Крепостнический быт уходил в небытие, но уходил медленно, мучительно, и петербургское «образованное общество» в порыве благородного нетерпения торопило его неминуемую кончину.

Пока комиссия по крестьянской реформе завершала работу, общество объявило войну всем предрассудкам, традициям, моральным устоям крепостнической эпохи. Общество восставало не только против господства помещиков над крестьянами, но и против всякого господства: начальников над подчиненными, родителей над детьми, мужчин над женщинами, нерасторжимого церковного брака над истинной любовью, формализма и казенщины — над свободным волеизъявлением личности. Слово «свобода» на все лады склонялось в великосветских петербургских гостиных, в литературных салонах и особенно в молодежных кружках, хотя в него и вкладывали самое разное содержание.

Вырываясь правдами и неправдами из училища правоведения, Владимир Ковалевский прежде всего торопился к брату, у которого заставал кого-нибудь из его друзей-студентов. Он познакомился с Николаем Ножиным и бароном Стуартом (оба ушли из Александровского лицея, чтобы заняться естественными науками); с будущим физиком и физиологом Сергеем Ламанским; с артиллерийским офицером Павлом Якоби, решившим посвятить себя медицине: с братьями Игнатием, Николаем и Осипом Бакстами; с Евгением Михаэлисом, пока еще лицеистом, вознамерившимся перейти в университет...

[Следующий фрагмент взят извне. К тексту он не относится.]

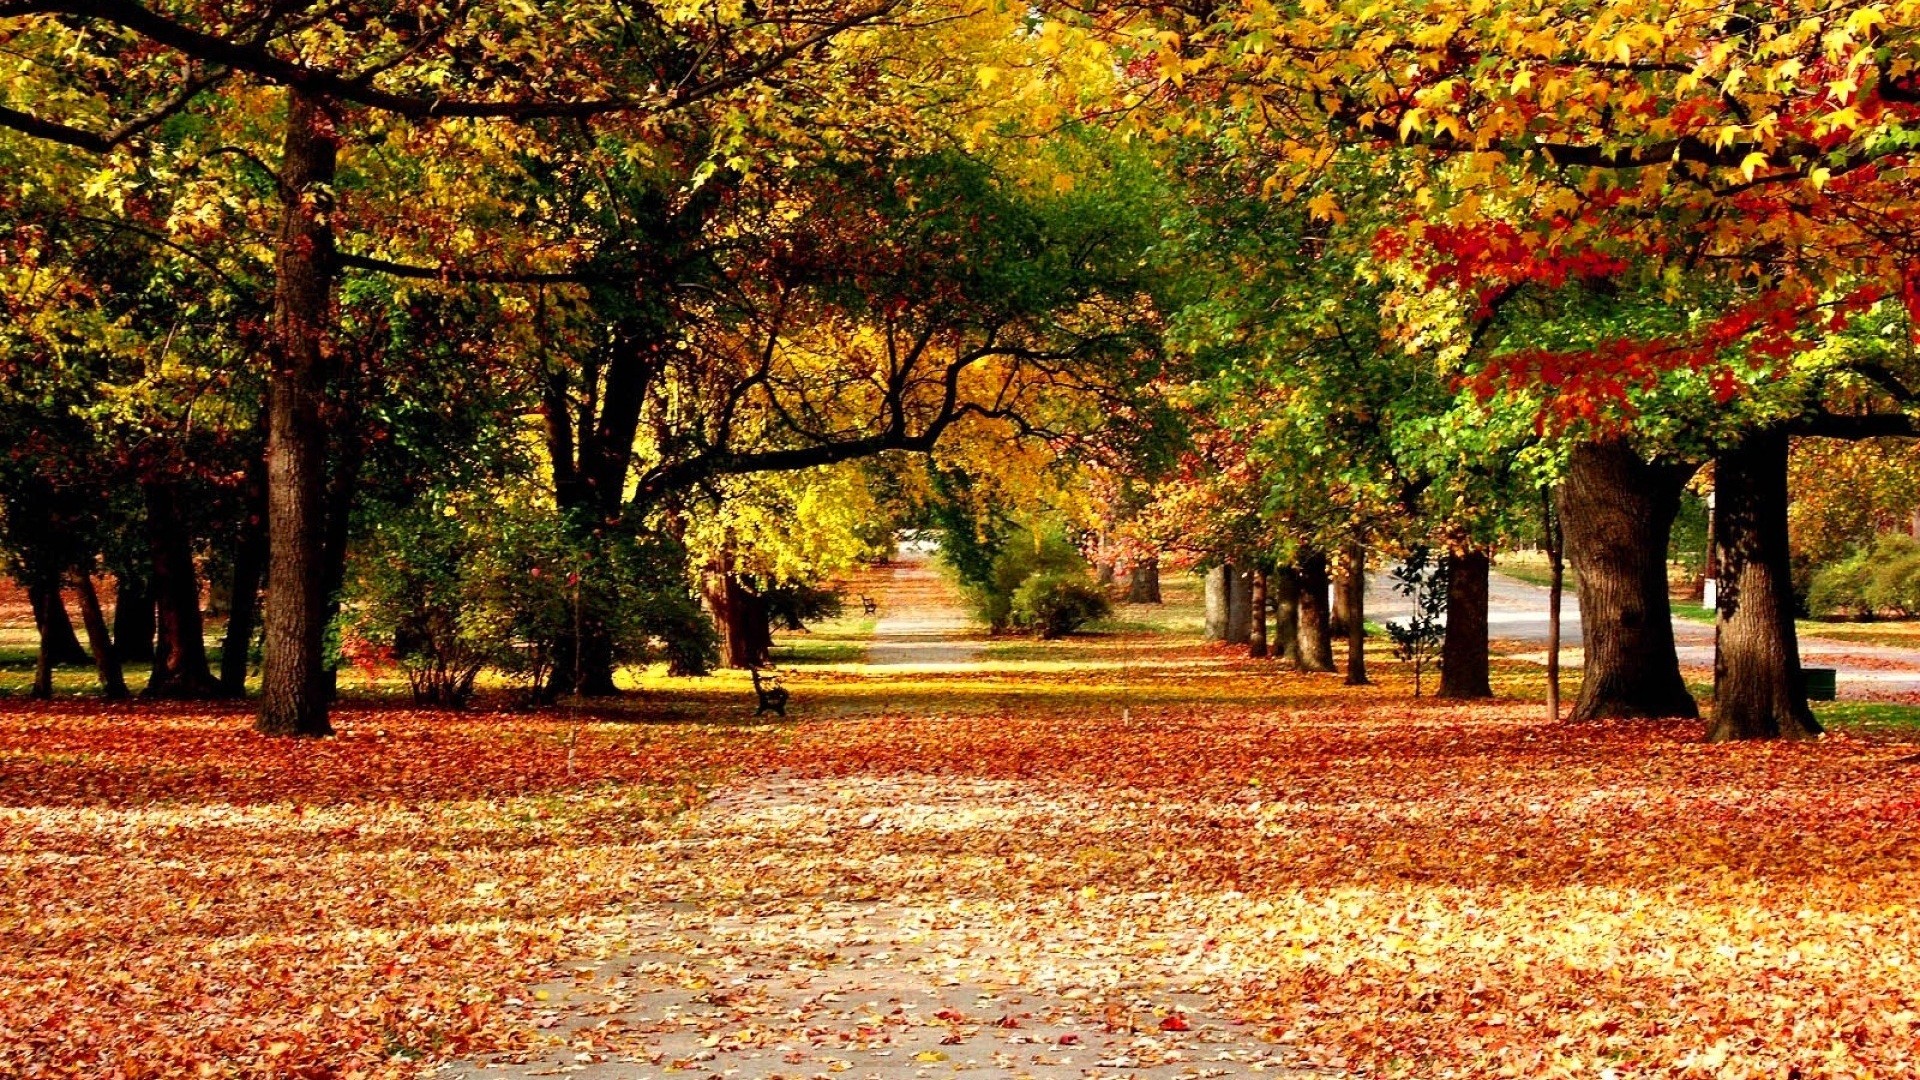 1920x1080 Autumn Pictures For Desktop Backgrounds - Wallpaper Cave Fall ...

Владимиру нравились эти горячие, страстные, отчаянные юноши. Вместе с ними он строил дерзкие проекты преобразования русской жизни и быстро стал среди них своим человеком — даже в большей мере своим, чем его брат, ибо Александр выше всего ставил науку и держался в стороне от громких — до хрипоты в горле — политических споров.

Чаще всего собирались у Евгения Михаэлиса, благо в его гостеприимном семействе не было и намека на конфликт отцов и детей, столь характерный для той эпохи. Мать Евгения, Евгения Егоровна, молодые годы провела г.Перми, познакомилась с сосланным туда Герпеном и под его влиянием пристрастилась к серьезному чтению. Она считала, что «молодежь всегда права», и горячо сочувствовала ее стремлениям. К Владимиру Ковалевскому Евгения Егоровна отнеслась почти по-матерински, и он, жестоко обойденный ласкою в детстве, искренне привязался к ней и к ее семейству.

Евгений привел Владимира и к своей старшей сестре, Людмиле Петровне Шелгуновой, и здесь юный правовед тоже стал своим человеком. В нем вообще обнаружилось завидное качество — легко и быстро сходиться с людьми.

Центром кружка, собиравшегося у Шелгуновых, была сама Людмила Петровна. Преждевременно пополневшая и утратившая уже блеск первой молодости, но энергичная, живая, непосредственная, остроумная, с язвительной усмешкой в смелых круглых глазах, она презирала условности, держалась независимо и просто.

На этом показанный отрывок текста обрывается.